Content starts
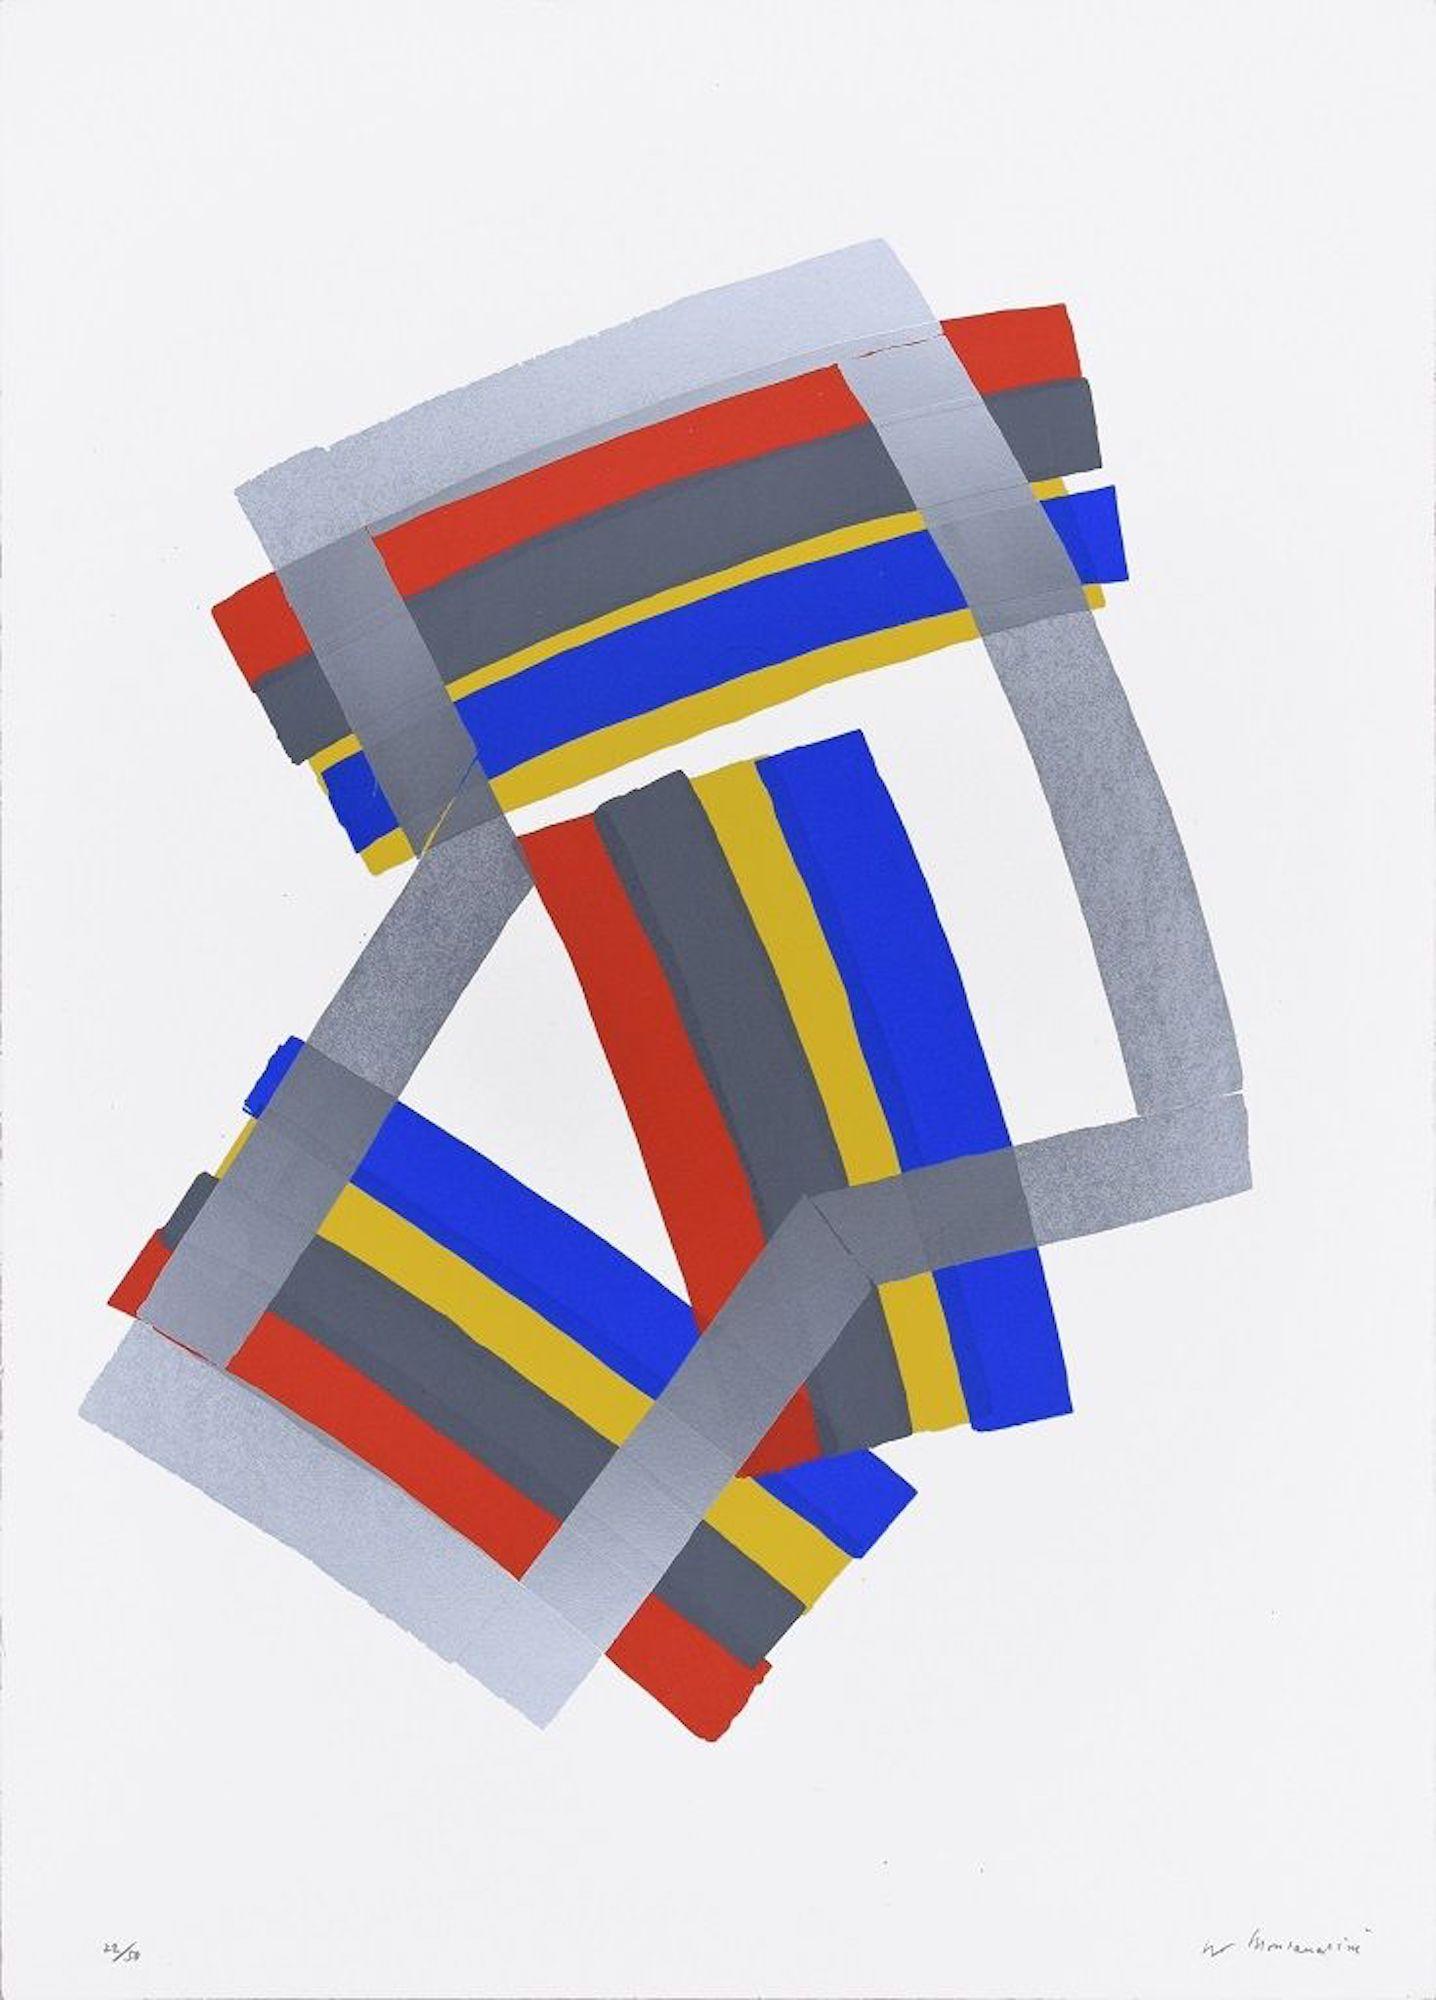 Image dimensions: 54 x 43 cm.

Silver Composition is a beautiful colored serigraph on cream-colored paper, realized in the 1970's by the Italian artist, Luigi Montanarini (1906-1998) and published by EuroMuseum editore, a publishing house of Rome,
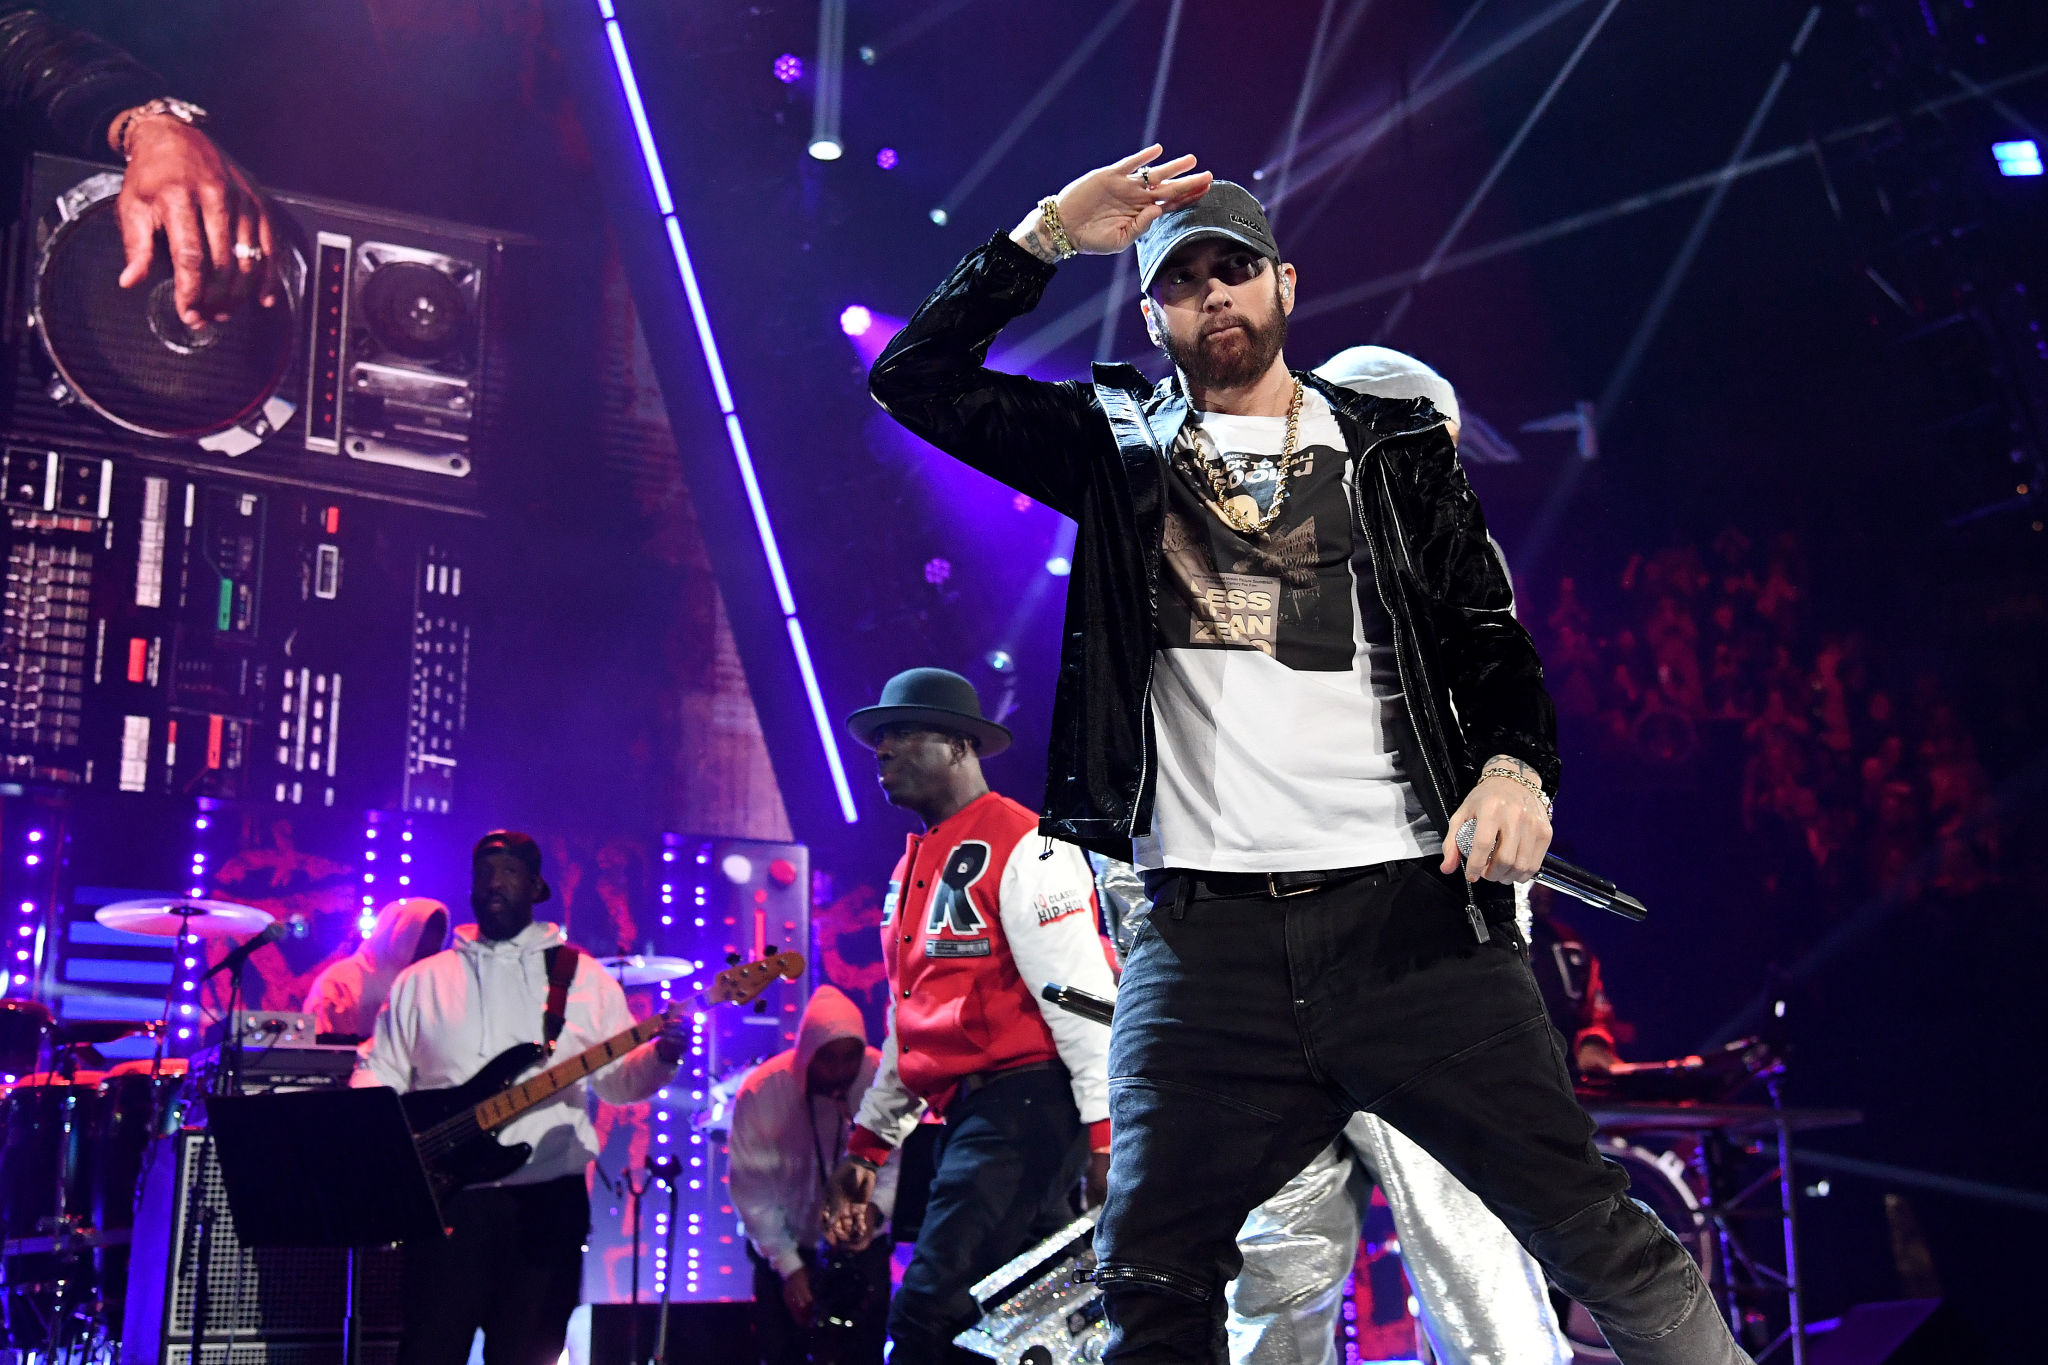 CLEVELAND, OHIO - OCTOBER 30: Eminem performs onstage during the 36th Annual Rock & Roll Hall Of Fame Induction Ceremony at Rocket Mortgage Fieldhouse on October 30, 2021 in Cleveland, Ohio. (Photo by Kevin Mazur/Getty Images for The Rock and Roll Hall of Fame )
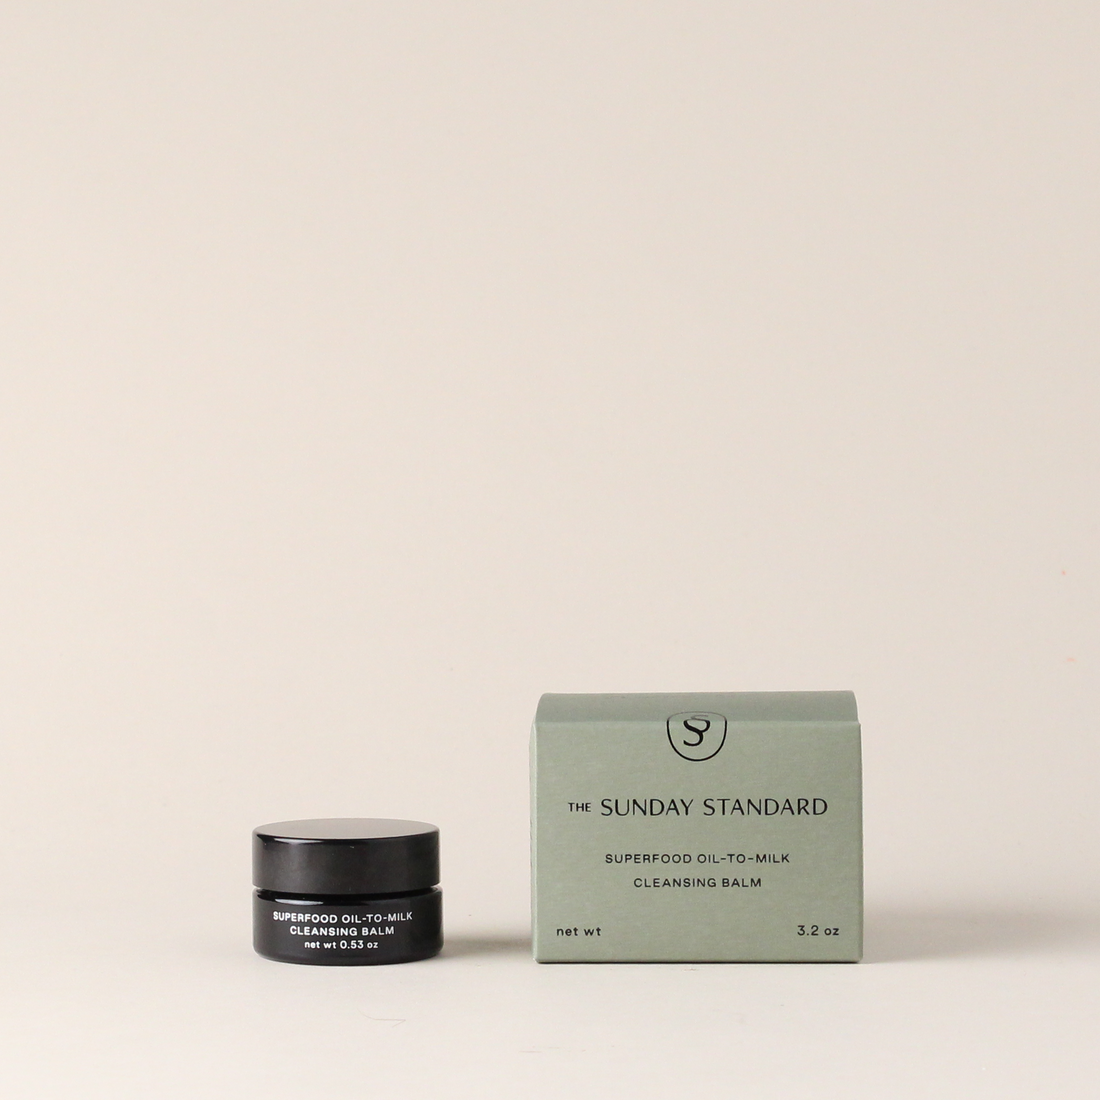 Superfood Cleansing Balm a Natural Facial Cleanser for Acne Prone Skin
Content ends
- _Task item_
Take the lines from the start of the material to the line with "Silver Composition is", both included, and transcribe them exactly without the pictures.

- _Solution_
 Image dimensions: 54 x 43 cm.

Silver Composition is a beautiful colored serigraph on cream-colored paper, realized in the 1970's by the Italian artist, Luigi Montanarini (1906-1998) and published by EuroMuseum editore, a publishing house of Rome,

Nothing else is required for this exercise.